25 — extension of the atriotomy incision of the RA from the medial angle to the fibrous ring of the TC for 1-2 hours (Fig. 4). The method of forming this incision is identical in its fundamental aspects to that in the area of ​​the mitral isthmus. The incision should be made through the entire thickness of the RA wall to the visualized epicardial tissue and be clearly closed on the fibrous ring of the T.K. This incision eliminates the possibility of pathological rotation of the electrical impulse around the fibrous ring of the TC during the development of typical atrial flutter. Together with the atriotomy incision of the RA and the line of the conduction block formed in the direction of the IVC, it forms a functional analogue of the line of the conduction block in the area of ​​the cavatricuspid isthmus;


Rice. 4. Extension of the atriotomy incision of the right atrium from the medial angle to the fibrous ring of the tricuspid valve for 1-2 hours. The valve leaflet is held with a hook, the epicardial tissue is visualized. Intraoperative photography.

26 — suturing an analogue of the cavatricuspid isthmus incision with a double-row suture (prolen 5/0);

27 — correction of the heart valve apparatus;

28 — suturing of atriotomy incisions;

29 — a mandatory step in completing the procedure is the suturing of two pairs of epicardial electrodes to enable atrioventricular temporary cardiac pacing until the patient’s own heart rhythm is completely restored.

Surgery through the patient's eyes

In the operating room, the anesthesiologist puts the patient under anesthesia; after the administration of the drugs, there may be slight short-term dizziness, a feeling of chills, or a slight fever. Otherwise, the patient falls asleep unnoticed and wakes up in the intensive care unit (ward). The operation is performed under general anesthesia, so the patient does not feel anything.

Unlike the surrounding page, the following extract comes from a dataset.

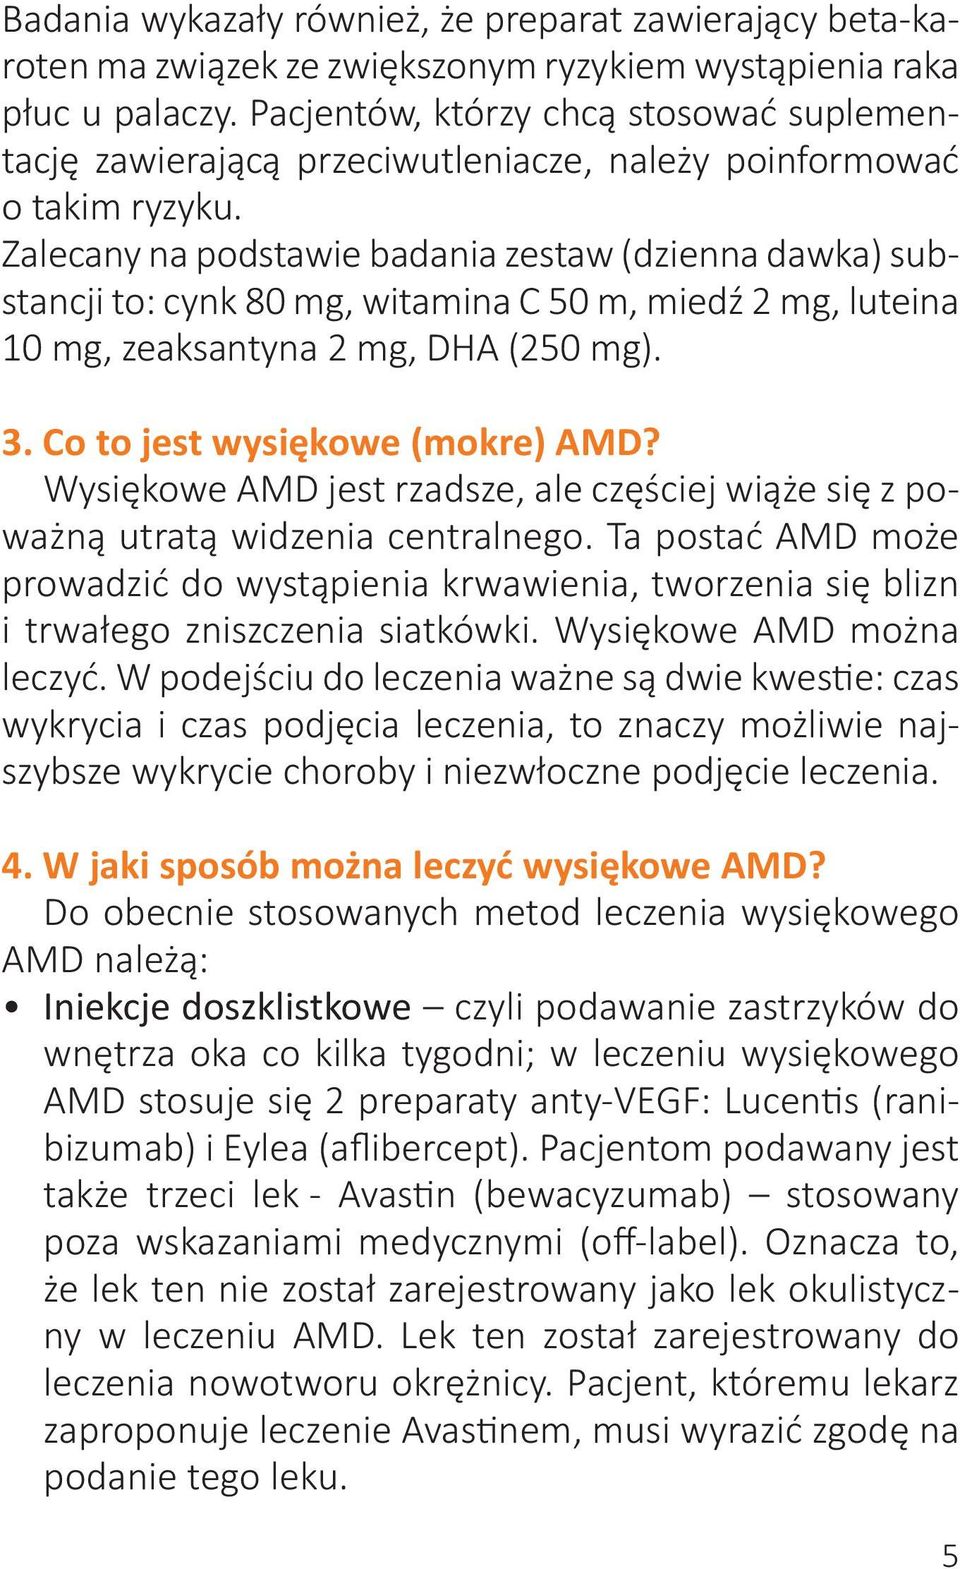 Zalecany na podstawie badania zestaw (dzienna dawka) substancji to: cynk 80 mg, witamina C 50 m, miedź 2 mg, luteina 10 mg, zeaksantyna 2 mg, DHA (250 mg). 3. Co to jest wysiękowe (mokre) AMD?

Operation “labyrinth” is a combined surgical intervention, i.e. is performed during another heart operation (for example, CABG, for the correction of heart defects), so the time of the procedure cannot be specified precisely; it is different in each specific case, depending on the nature of the operation. On average, the duration is from 2 to 4 hours. In any case, it feels like it lasts a few seconds for the patient.

Forecast

The prognosis is favorable. According to various estimates, sinus rhythm is restored in 88% to 98% of cases. Approximately 2% of patients require postoperative use of antiarrhythmic drugs. The fatal outcome, according to various authors, ranges from 1% to 16%, with an average of approximately 7.5%. In the long-term prognosis, the study revealed two main complications:

• Development of sinus node dysfunction, which required implantation of a pacemaker or, in milder cases, restriction of patients in physical activity. • Postoperative left atrial dysfunction.